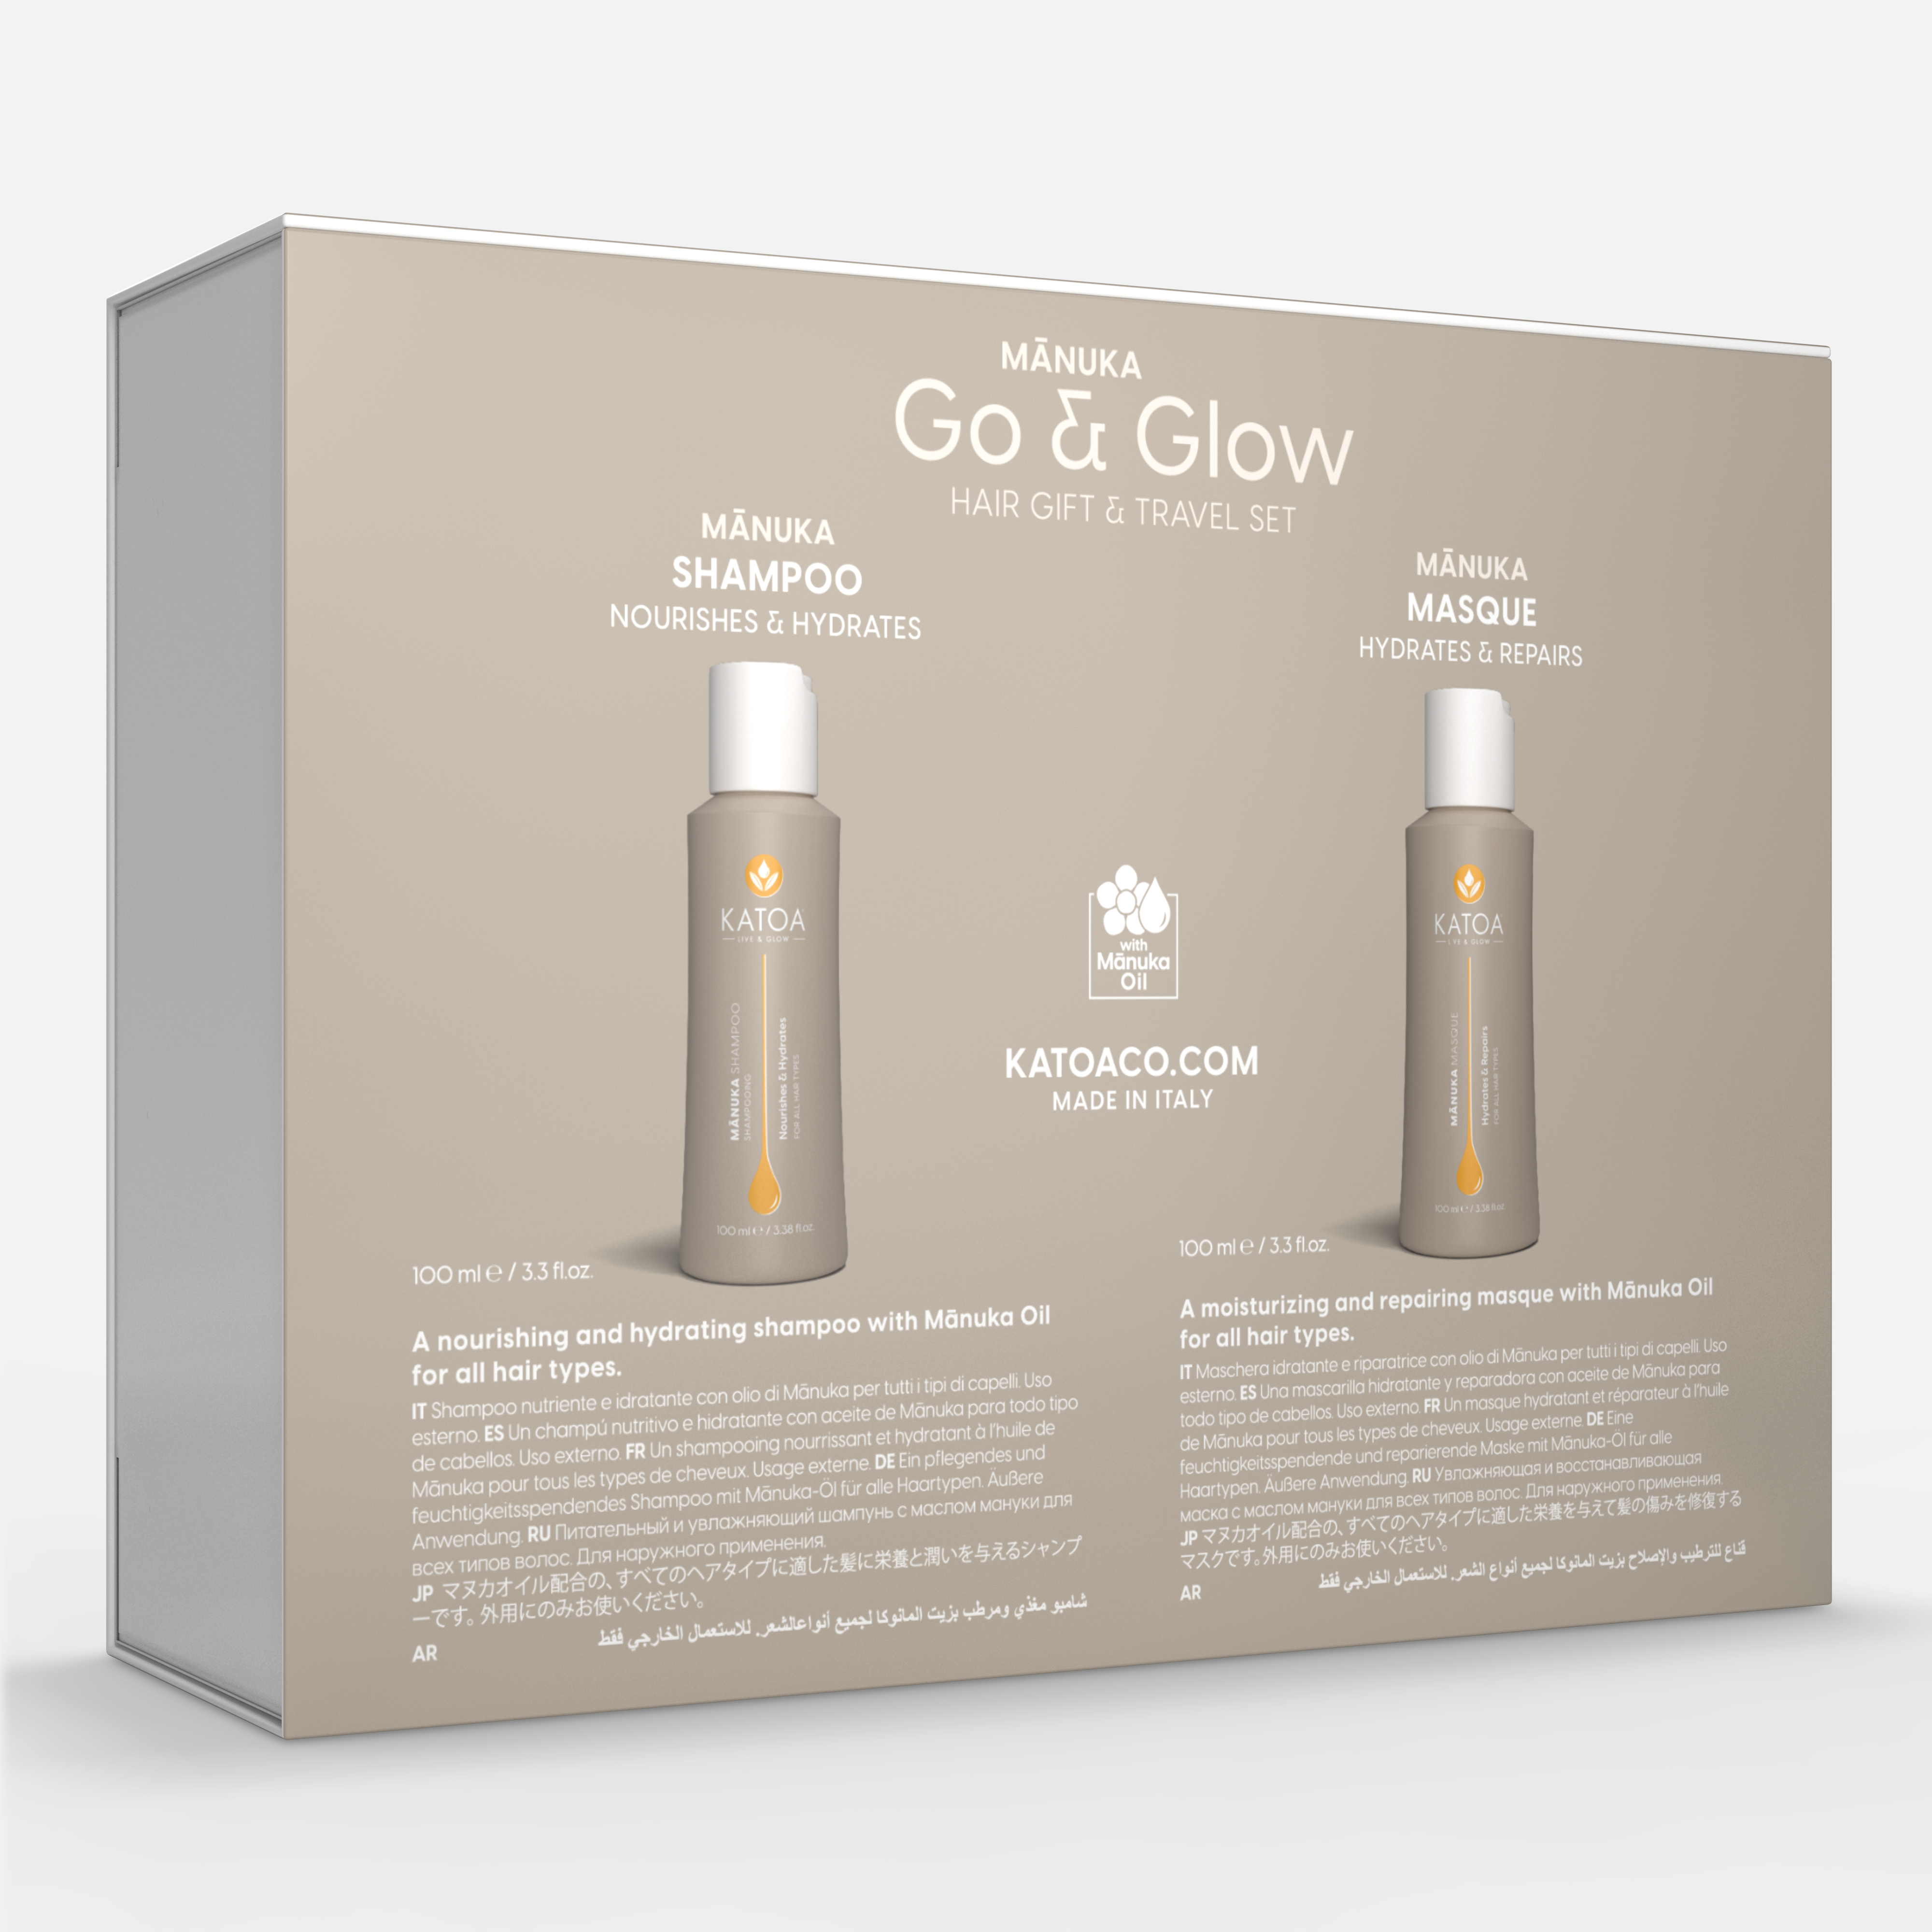 Go & Glow Hair Gift & Travel Set
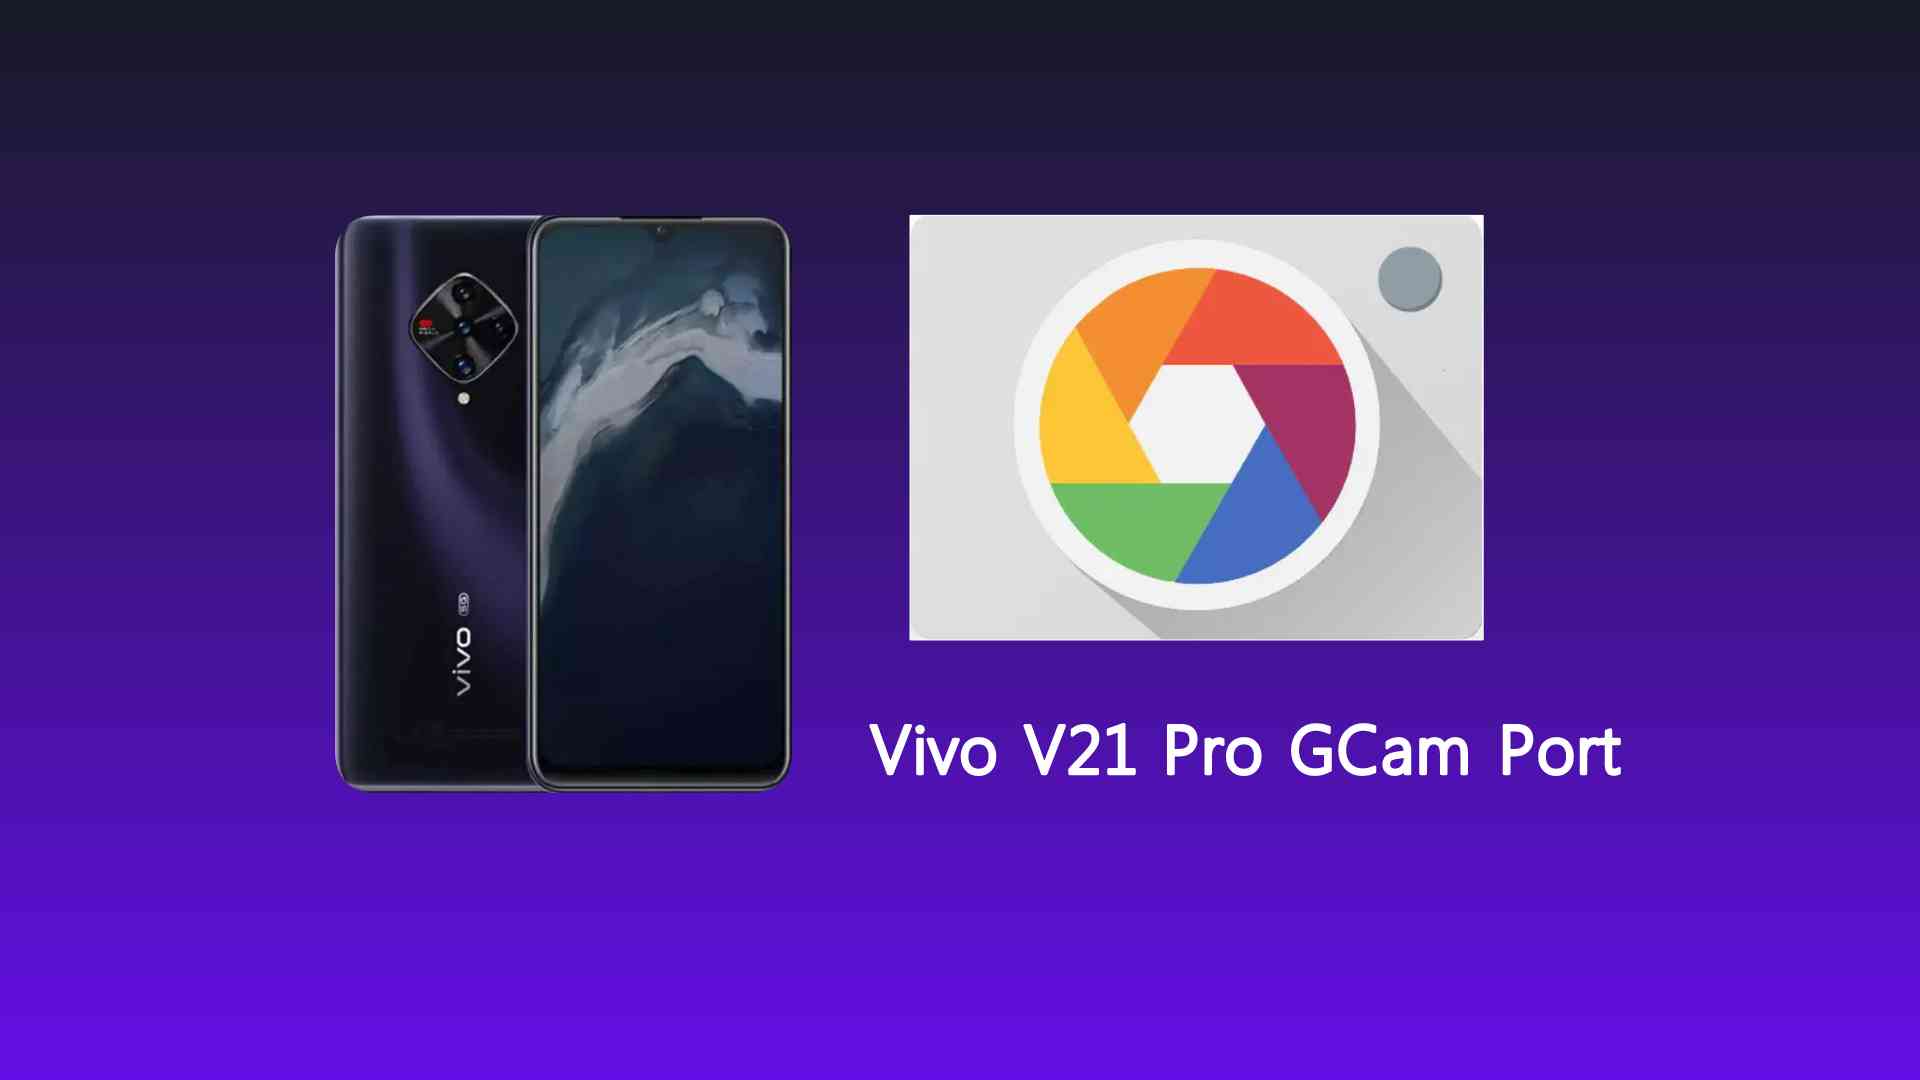 Vivo V21 Pro GCam Port
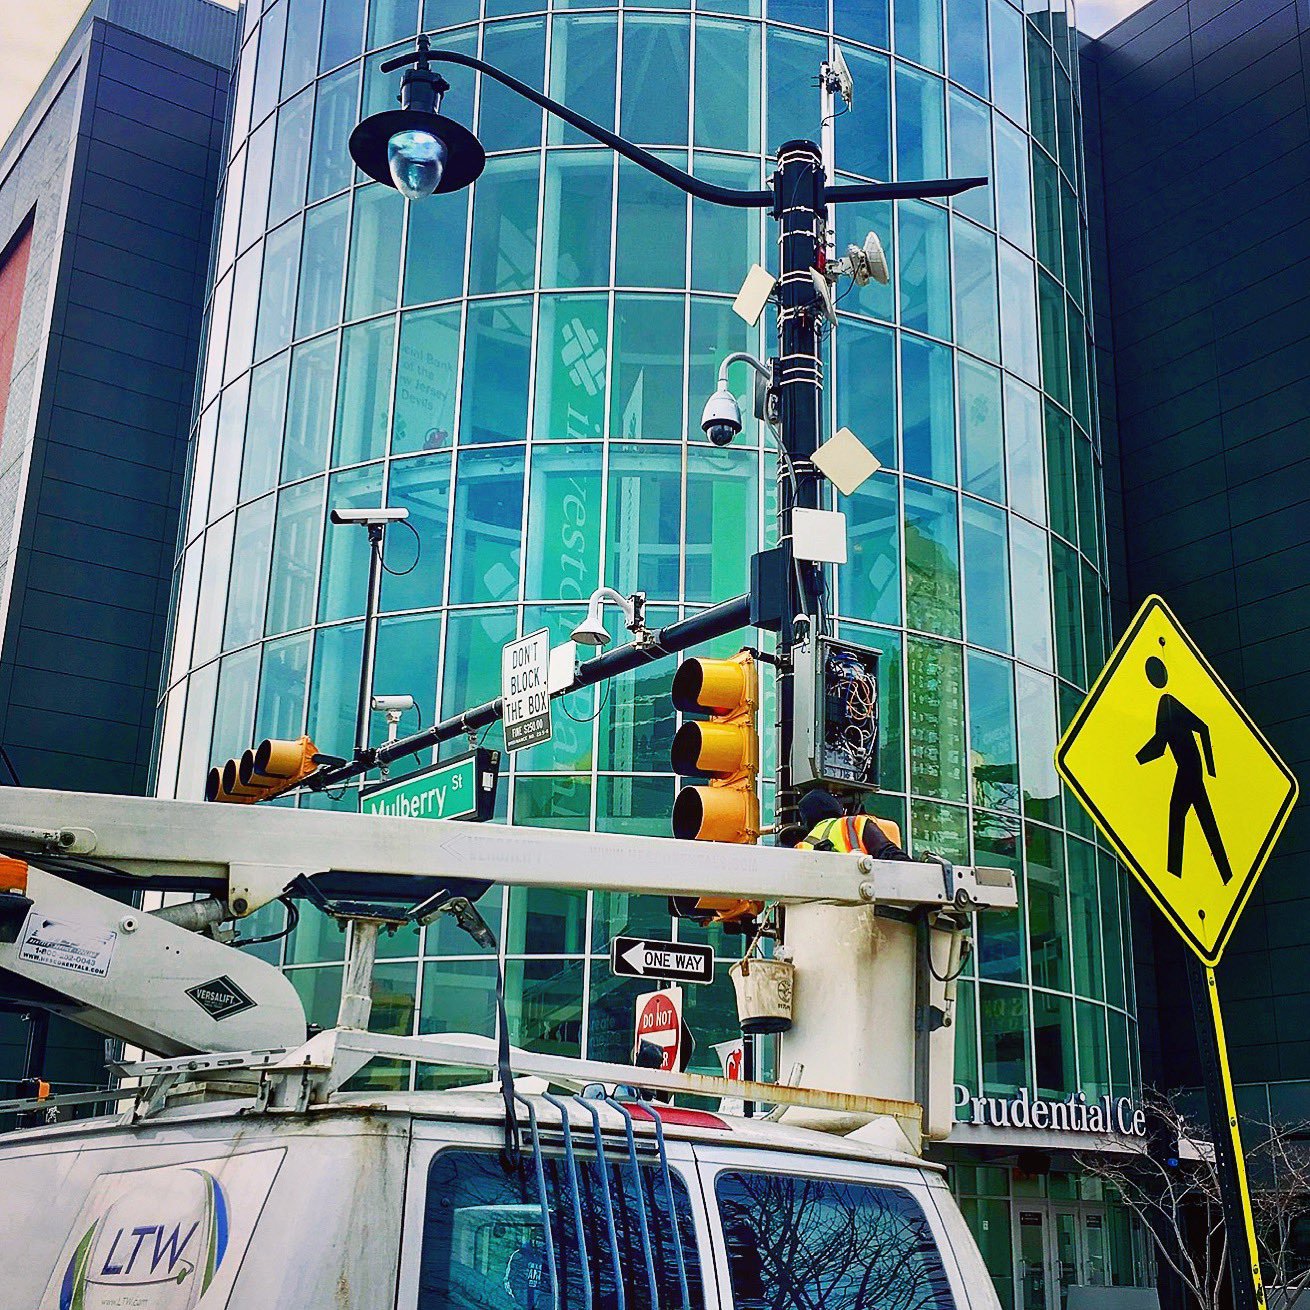 LTW techs installing traffic cameras

#### EXERCISE BRIEF:
With pictures left out, extract the lines from the one containing "Vivo V21 Pro GCam Port" to the end of the material above, both included, exactly as written.

#### SOLUTION TO THIS EXERCISE:
 Vivo V21 Pro GCam Port
 LTW techs installing traffic cameras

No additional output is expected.